September 15, 1963. It’s a lovely Sunday morning in Birmingham, Alabama, when an explosion states the streets right outside of the predominantly African American 16th Street Baptist Church. Twenty two parishioners were injured, and four little girls were killed. It was later revealed that the bomb was deliberately placed by local members of the Klu Klux Klan, who were not persecuted until years later in the early 2000’s for their actions.2 This event, known as the 16th Street Church Bombing, is a famous event within the Civil Rights movement. It was a turning point for the Civil Rights movement, with many white citizens being outraged at the innocent people who were killed and harmed.

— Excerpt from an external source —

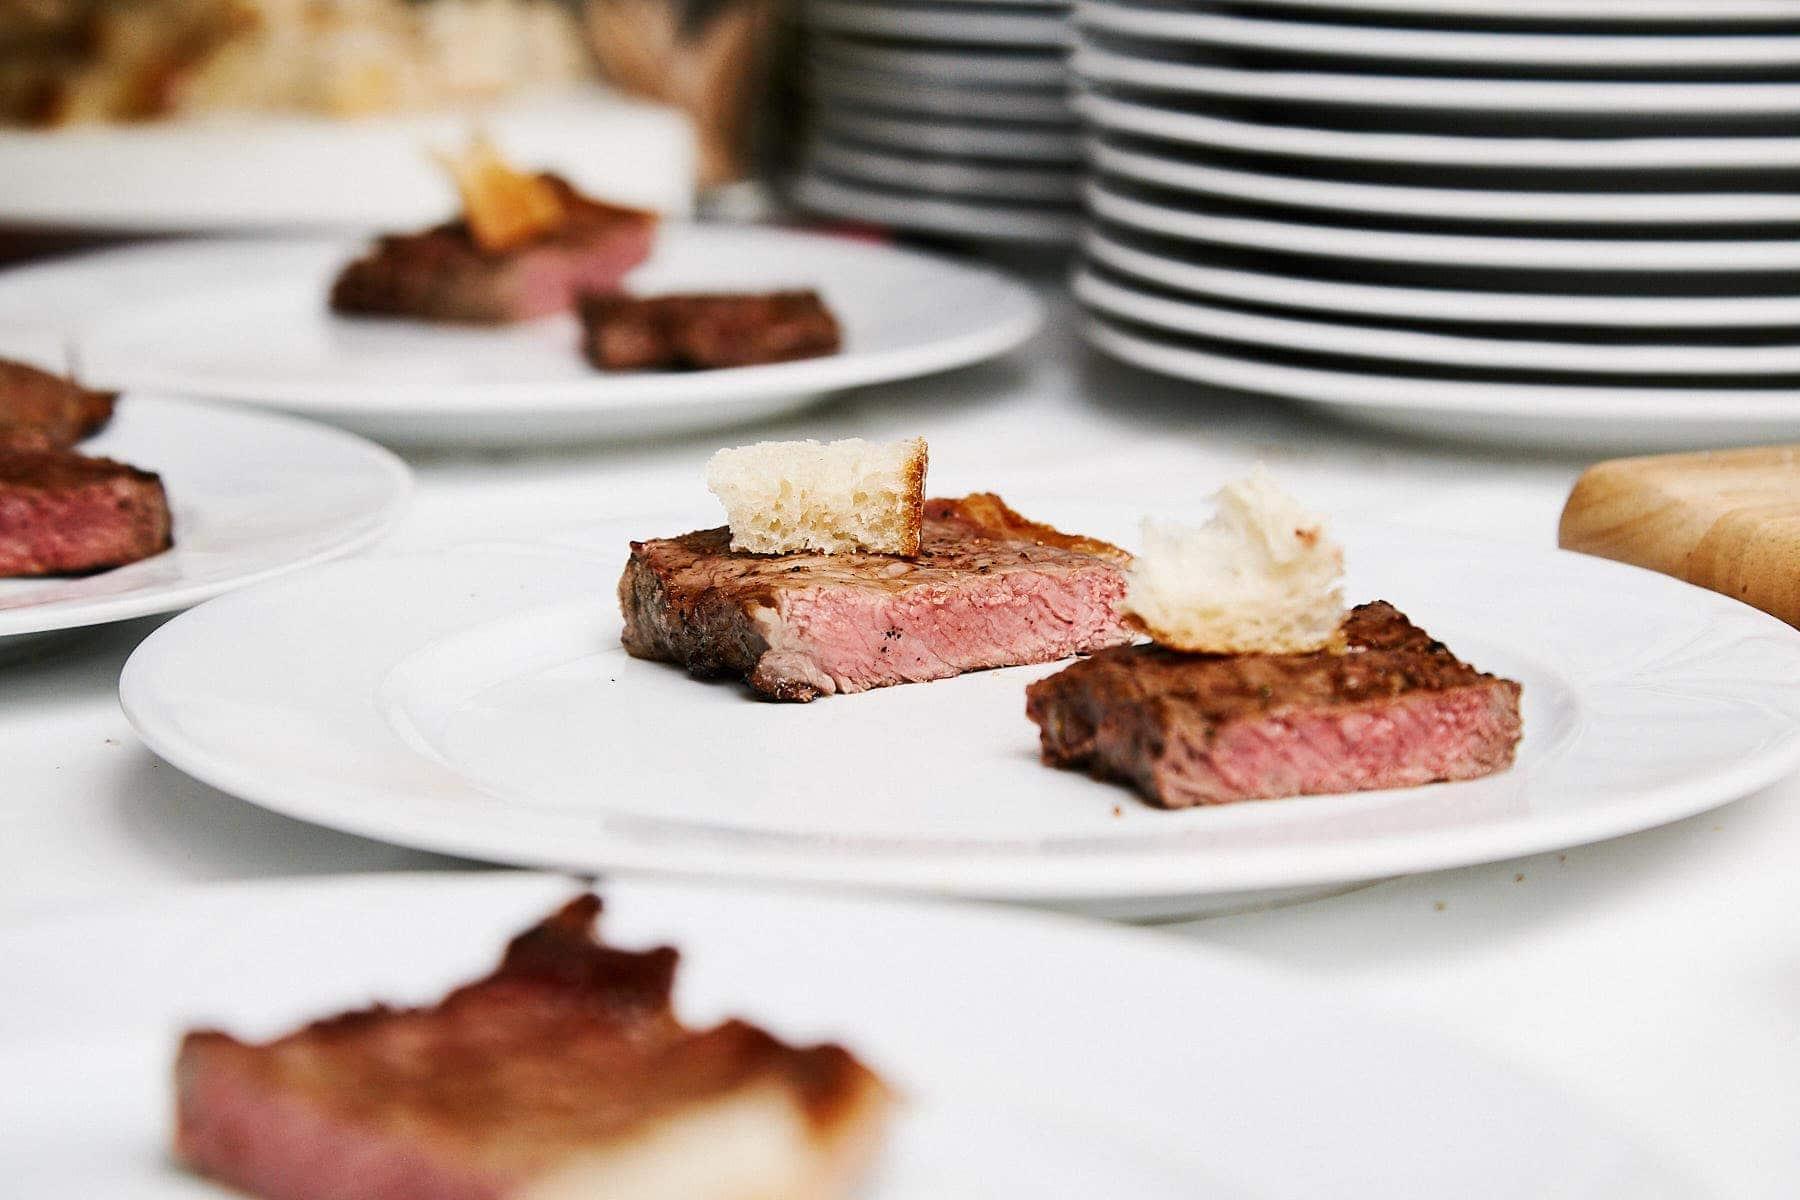 Feinstes Steak angerichtet auf einem Teller beim Steak-Tasting Event der Genussfabrik Trier forografiert von David Kliewer
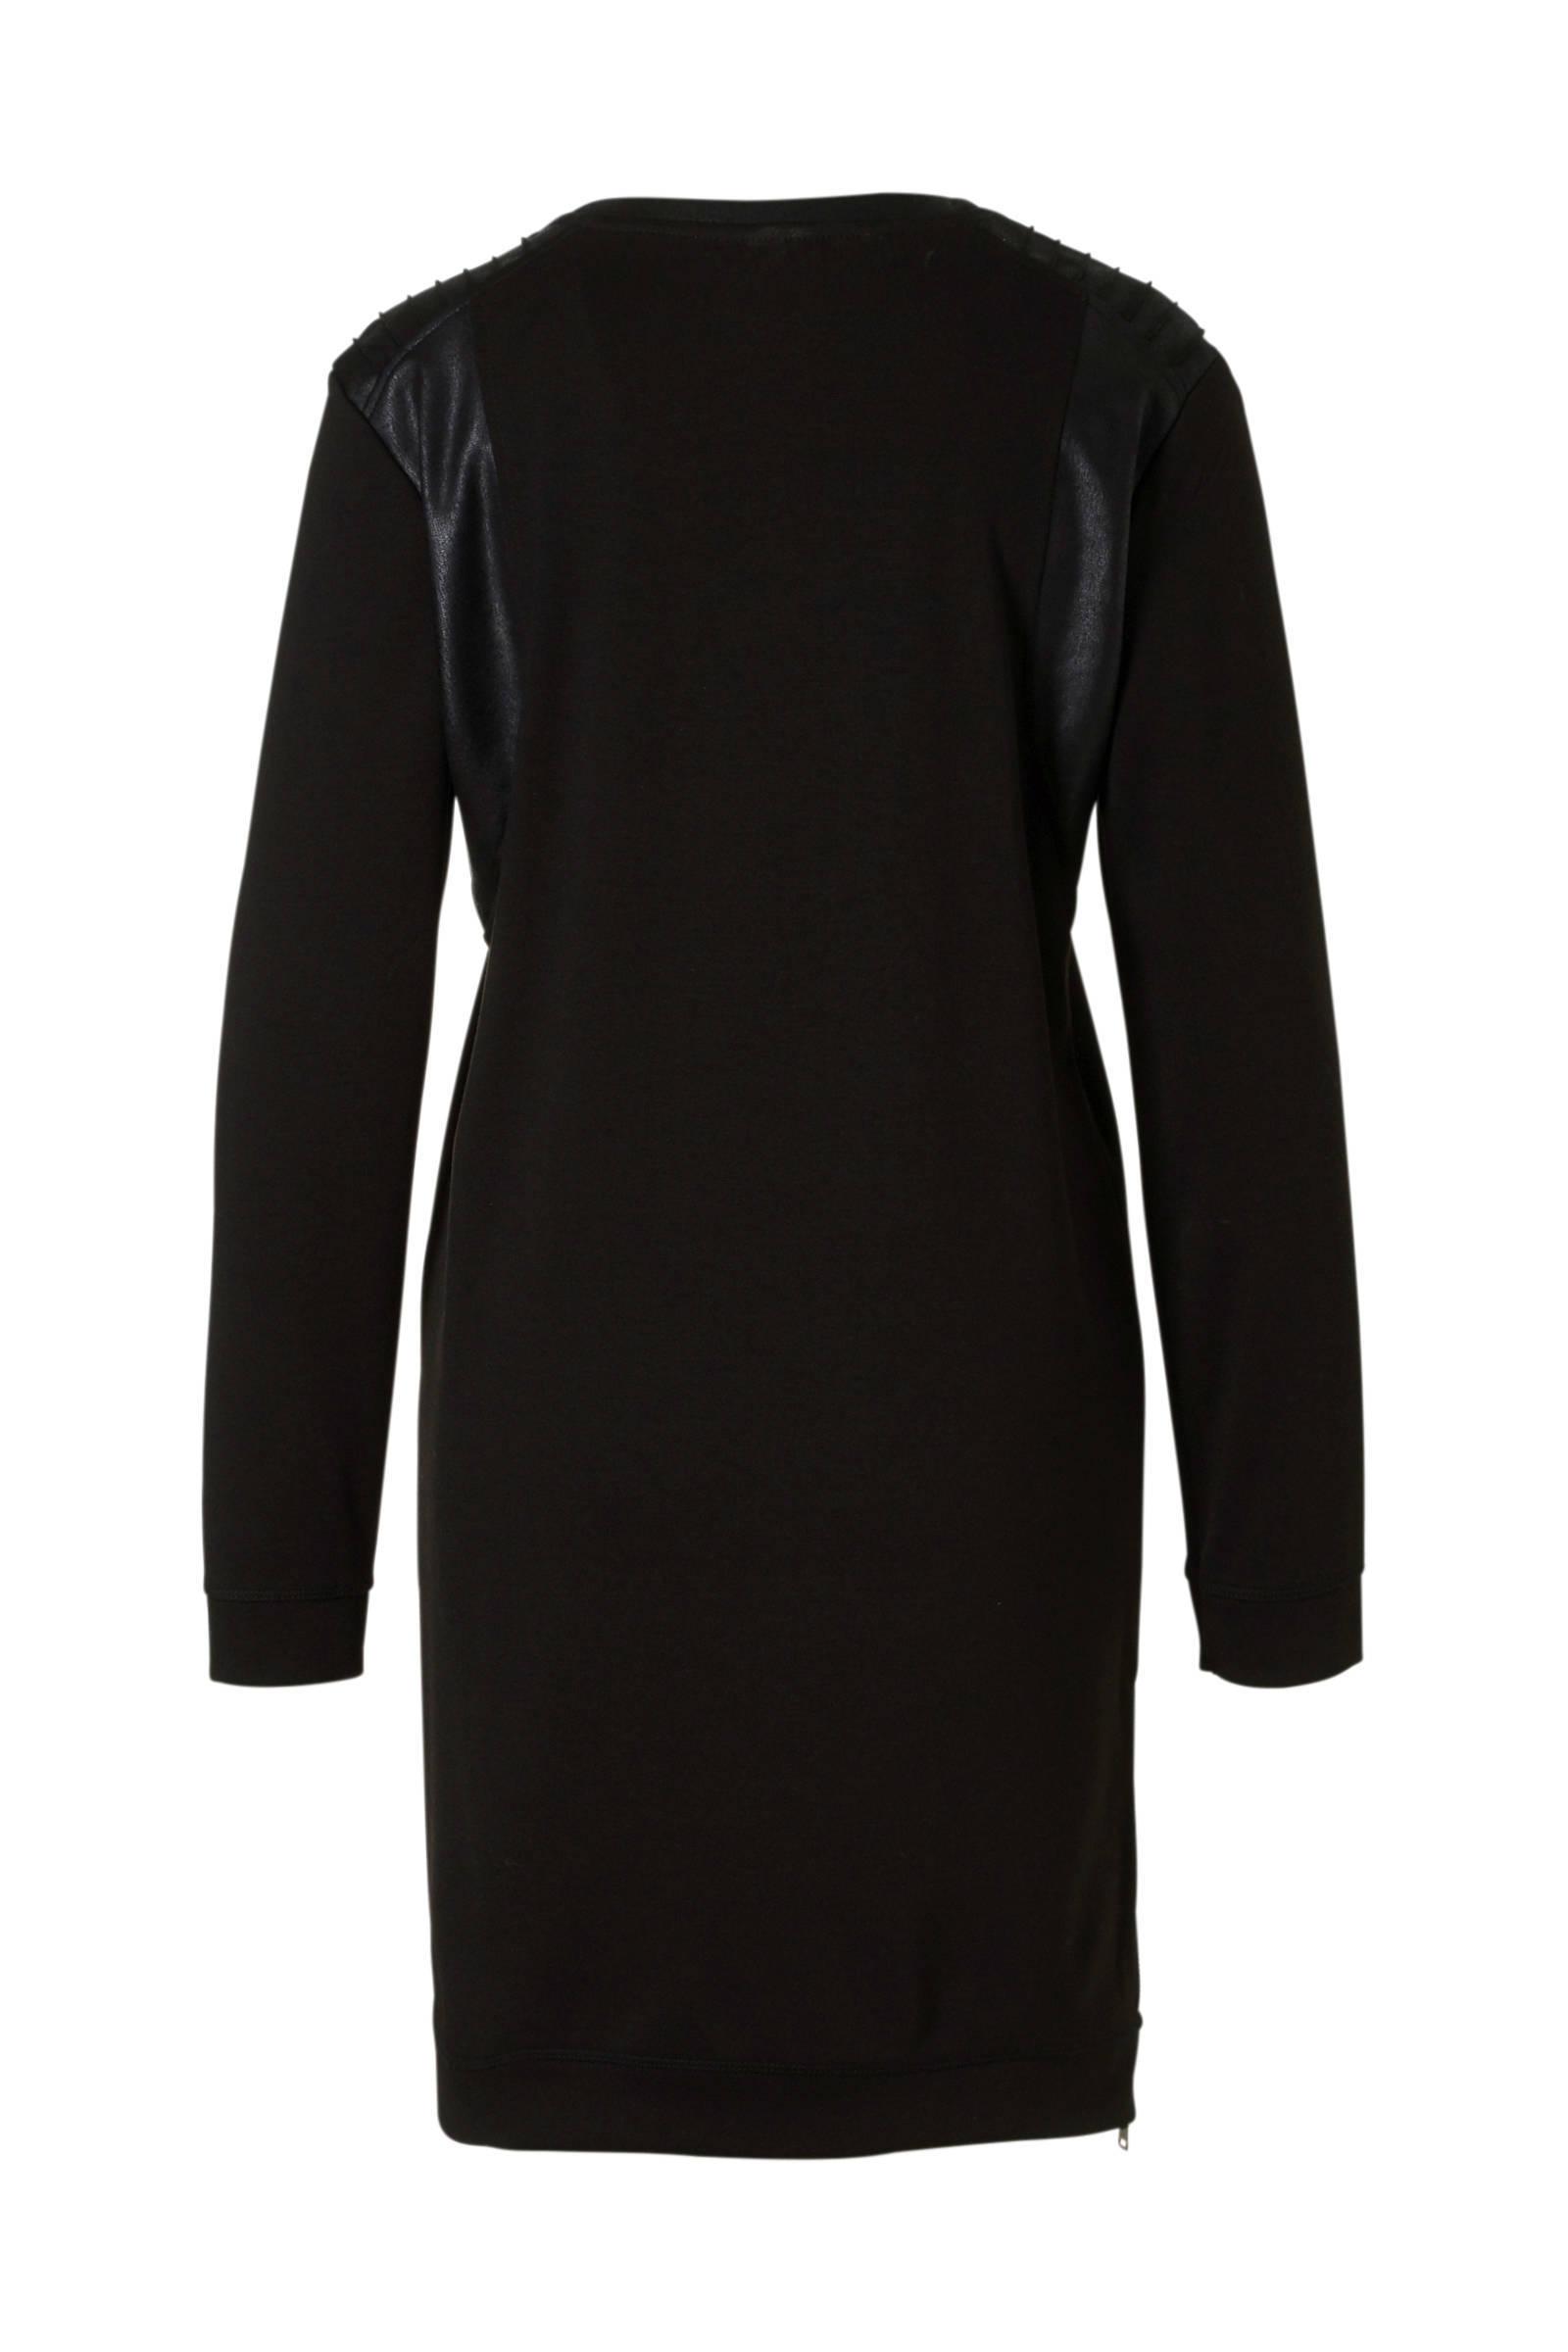 VERO MODA details jurk met coated A80dxArqw

The deaths were followed two months later by the assassination of President JF Kennedy, which caused an outpouring of national grief and ensured the passage of the 1964 Civil Rights Act.3

The event of the 16th Street Church Bombing inspired many people towards the Civil Rights Movement, including the folk singer and songwriter, Richard Fariña, who wrote the song “Birmingham Sunday” about the event.1 Using haunting lyrics that included the full names of each girl who was killed, set to a traditional Scottish ballad, he was able to create a protest ballad that inspired mourners and justice.2 Fariña uses lyrics such as “cowardly” to describe the attackers, symbolizing and targeting the moral failings alongside the racist act.2 He also structures the song to reach both black and white audiences, using themes of mourning and giving humanity to each of the girls killed to persuade the audience that this was a tragedy of lives cut short. At the same time, he uses words such as “freedom” and language to symbolize the black church to draw in an audience of black people and Civil Rights activists.2

The song was popularized by Fariña’s sister in law and contemporary, Joan Beaz. Both artists were heavily involved in the Civil Rights Movement, with Baez personally marching hand-in-hand with Martin Luther King Jr. and Bob Dylan singing “We Shall Overcome.”2 Baez added complexity to the song Fariña wrote, with her haunting soprano vocals and popularizing it as the quiet protest song it grew to be.2 Baez’s popularization of the song inspired the persecution of one of the bombers in 1977, even though his fellow Klan members were not persecuted until the early 2000’s.2

The song “Birmingham Sunday” still holds a legacy today. Rhiannon Giddens, a famous bluegrass singer who thrives in reclaiming and exploring historical African American songs, recorded a cover of the song in 2017. She covered and revised the song on her album, Freedom Highway, an album inspired by the decades of protest music and social justice movements.2 Giddens’s recording of the album served a purpose in terms of protest music as well, bringing the events of the song into the public consciousness during the #SayHerName era of protest and black politics. In this more modern interpretation of it, the song serves to draw attention to how black women have often been omitted from narratives of racial narratives, and should have their names memorialized like the girls in this song, who went on to shape something they didn’t even know they did. We are unaware of the names of the girls – Addie Mae Collins, Denise McNair, Cynthia Wesley, and Carol Robertson – even though they shaped the way to the Civil Rights Act posthumously.

These three versions of the same song show how protest song can be widespread and adapted to different causes, and how different artists can interpret it in ways that make sense to their audiences and causes.